[Data]
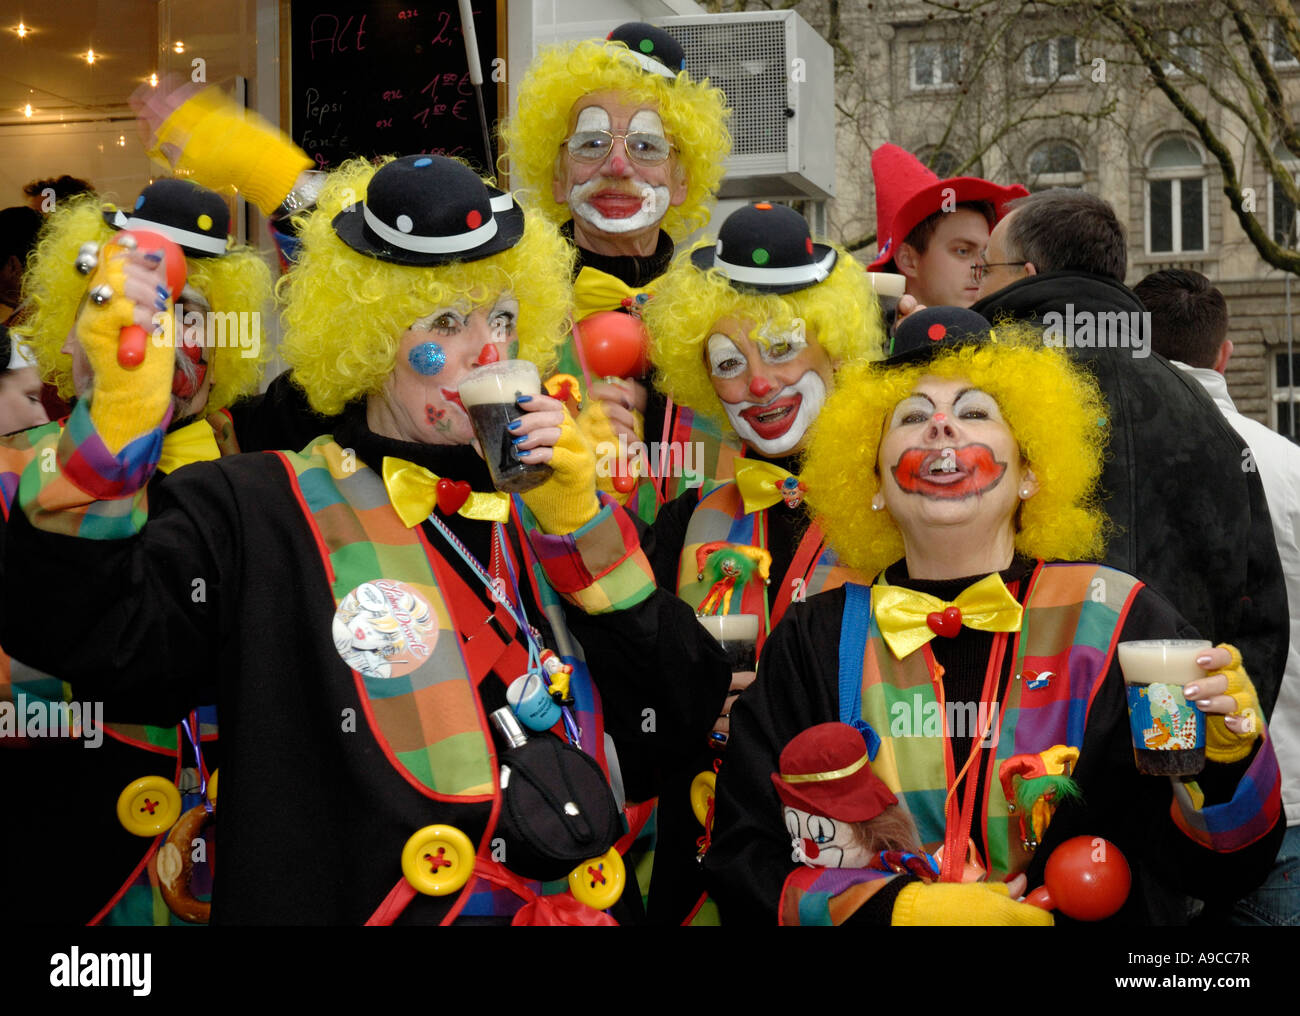 Gruppe von 5 Clowns mit gelb Perücken Altbier trinken und singen,  Düsseldorf Karneval 2007, Deutschland Stockfotografie - Alamy
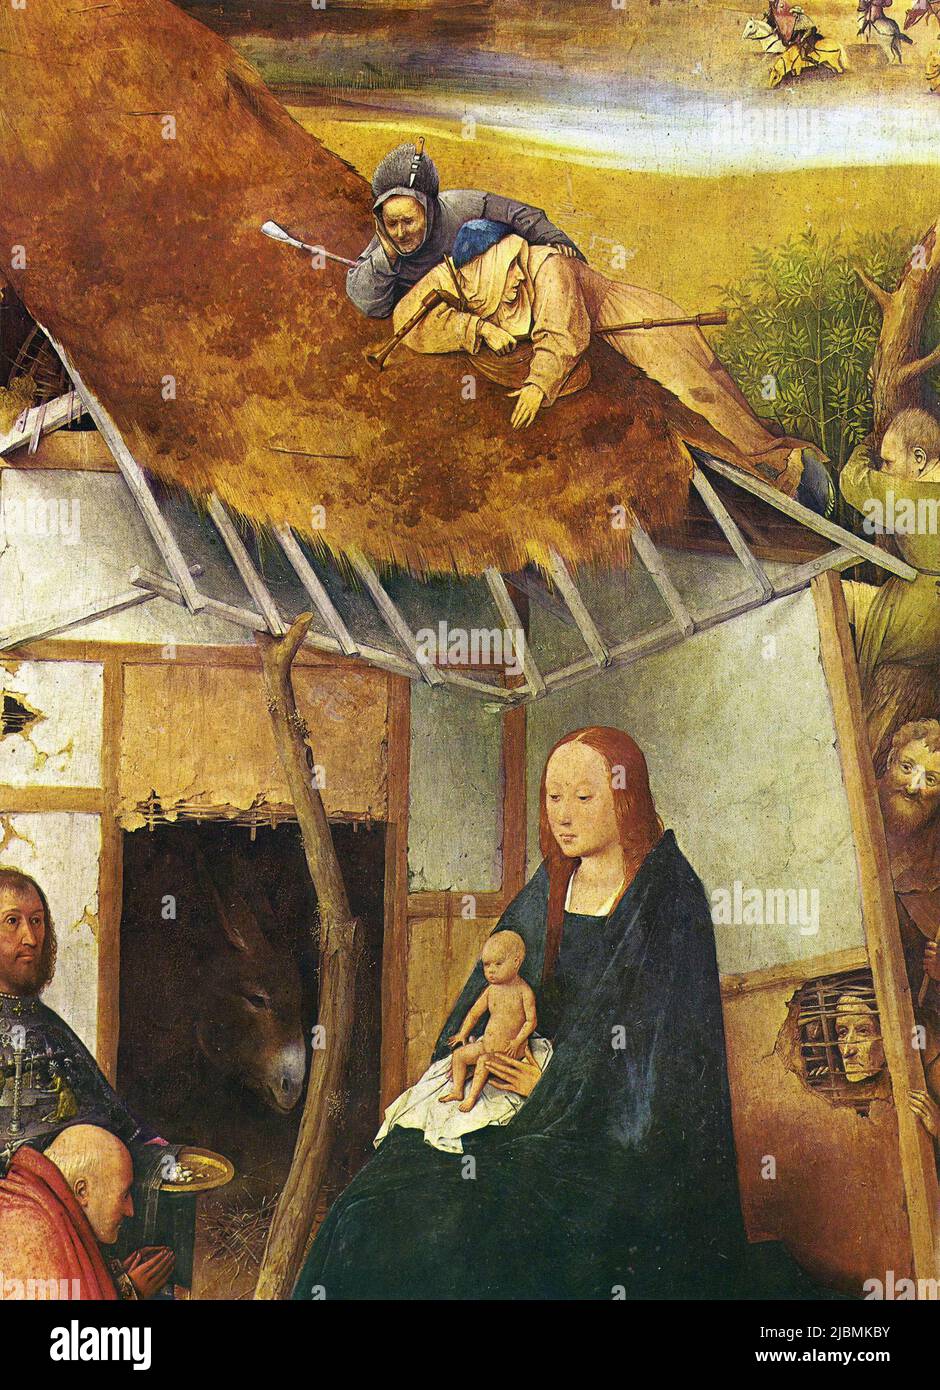 'La Adoración de los Magos'. Detalle del panel central del tríptico de Hieronymus Bosch. Madrid, Prado. Foto de stock
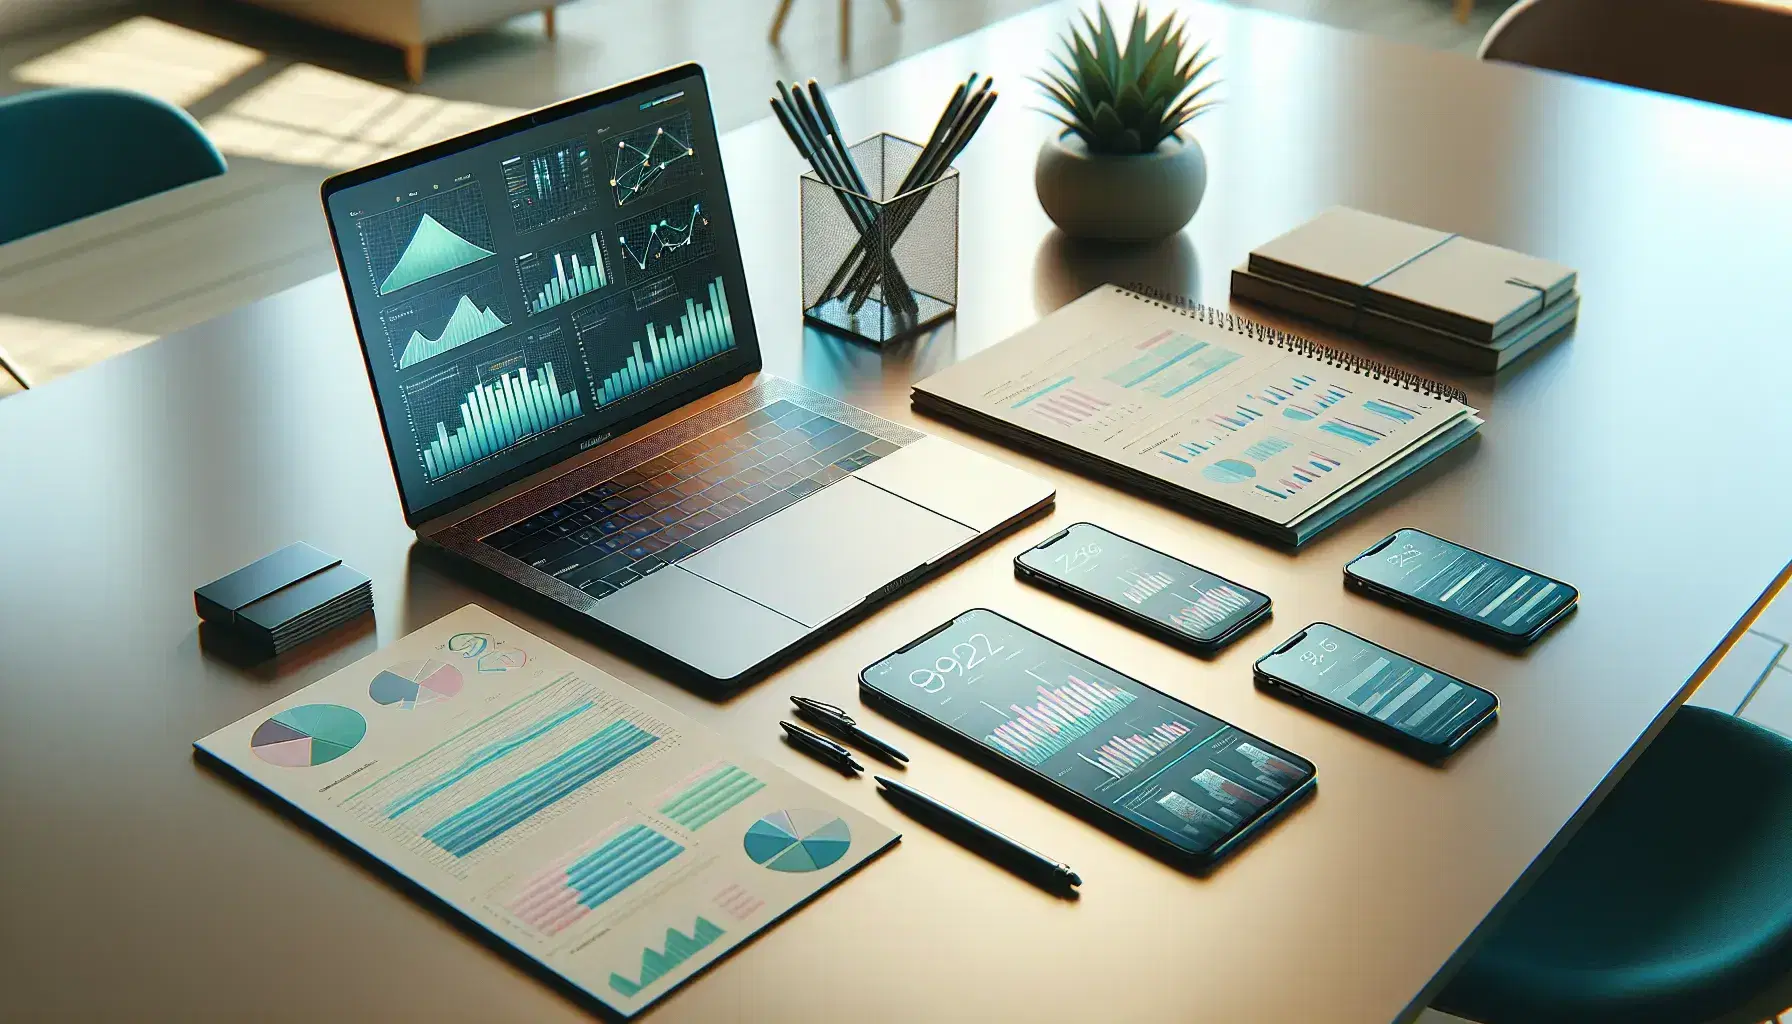 Mesa de oficina moderna con portátil abierto mostrando gráficos, tablet con diagramas, smartphone y documentos encuadernados, en un espacio iluminado con planta verde.

[What you are asked to do]
Give back the material exactly as written, images excluded.

[Task result]
 Gruppe von 5 Clowns mit gelb Perücken Altbier trinken und singen,  Düsseldorf Karneval 2007, Deutschland Stockfotografie - Alamy
 'La Adoración de los Magos'. Detalle del panel central del tríptico de Hieronymus Bosch. Madrid, Prado. Foto de stock
 Mesa de oficina moderna con portátil abierto mostrando gráficos, tablet con diagramas, smartphone y documentos encuadernados, en un espacio iluminado con planta verde.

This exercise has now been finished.